Recent Updates from the Texas Criminal Court of Appeals
Opening the Car Door Instead of Rolling Down the Window May Create
Reasonable Suspicion During a Traffic Stop
Guilty Pleas Will Not be Overturned – Even if Charges Concern the Wrong Substance
In Ex parte Broussard, the Court of Criminal Appeals stated that a guilty plea is still considered to be voluntary, even if a lab later determines that the actual illegal substance was different from the drug that the plea concerned. In Broussard, the defendant was charged with possession of cocaine and pleaded guilty to the charge. After entering the plea, a lab determined that the substance in the defendant’s possession was actually methamphetamine. This called into question the validity of the original plea because the prosecution would not have been able to prove at trial that the defendant was in possession of cocaine as stated in the original charge. The Court of Criminal Appeals affirmed the plea validity and denied habeas relief. The Court reasoned that though the defendant pleaded guilty without knowledge of all the pertinent facts, the plea was still voluntarily entered.
Search Incident to Arrest May be Justified by Discovery of a Different Offense After Arrest
In State v.
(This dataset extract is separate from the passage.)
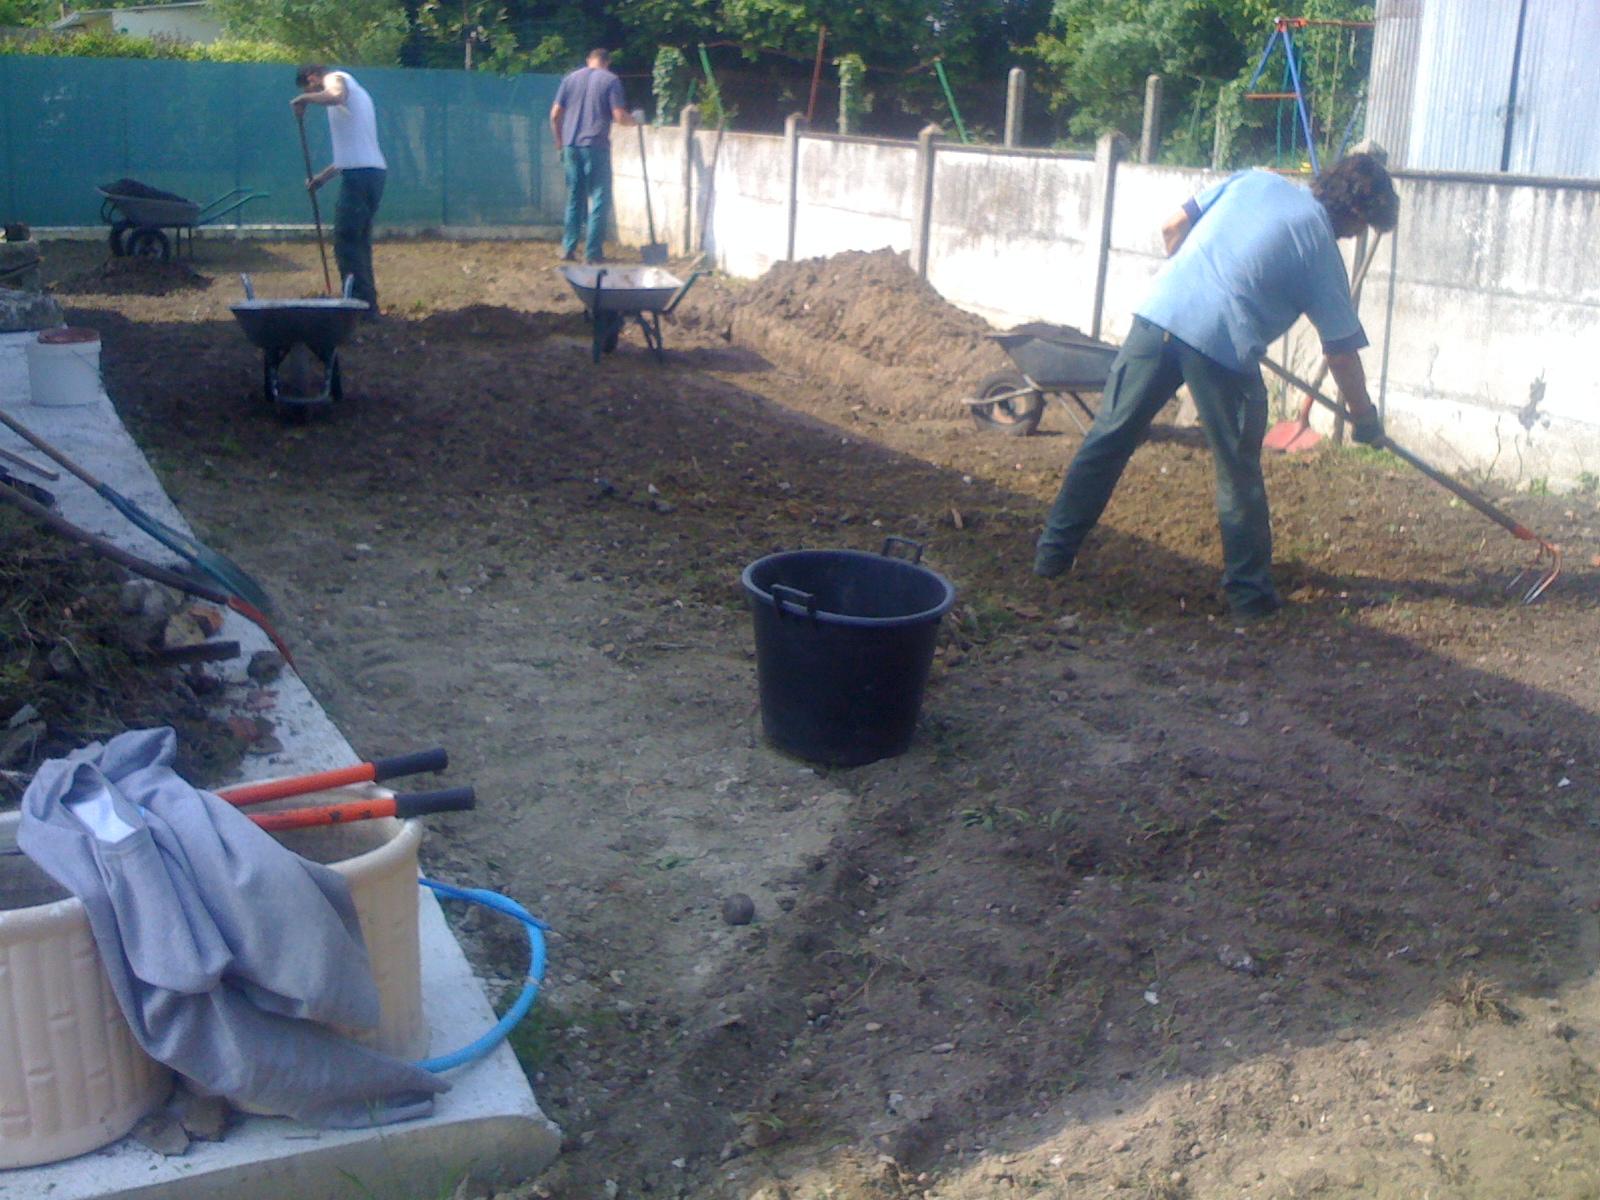 Nettoyage Jardin Bastide | Paysagiste Bordeaux serapportantà Entretien Jardin Bordeaux

Sanchez, the Court of Criminal Appeals held that discovery of drugs on someone’s person after an arrest for a traffic warrant may justify a search of the person’s vehicle as well, even if the vehicle is not within the arrested person’s immediate control. In Sanchez, a routine traffic stop resulted in an arrest of the driver for outstanding warrants that were discovered during the traffic stop. After the arrest, police found drugs on the driver. The officer then returned to the vehicle, performed a search and located additional contraband. Initially, the trial court suppressed the evidence from the vehicle—and the court of appeals affirmed—stating that a search incident to arrest could not be justified by discovery of a different offense after the original arrest. However, the Court reversed, holding that, as long as there is probable cause to arrest for the newly-discovered offense—and the additional search occurs soon after the defendant’s original arrest—an officer may conduct a search incident to arrest “on the basis of an offense discovered after formal arrest for a different crime.”
 Ramirez-Tamayo v. State, -- S.W.3d ---, 2017 WL 4159140 (Tex. Crim. App. 2017).
 Ex parte Broussard, 517 S.W.3d 814 (Tex. Crim. App. 2017).
 State v. Sanchez, No. PD-1037-16 (Tex. Crim. App. Sept. 27, 2017).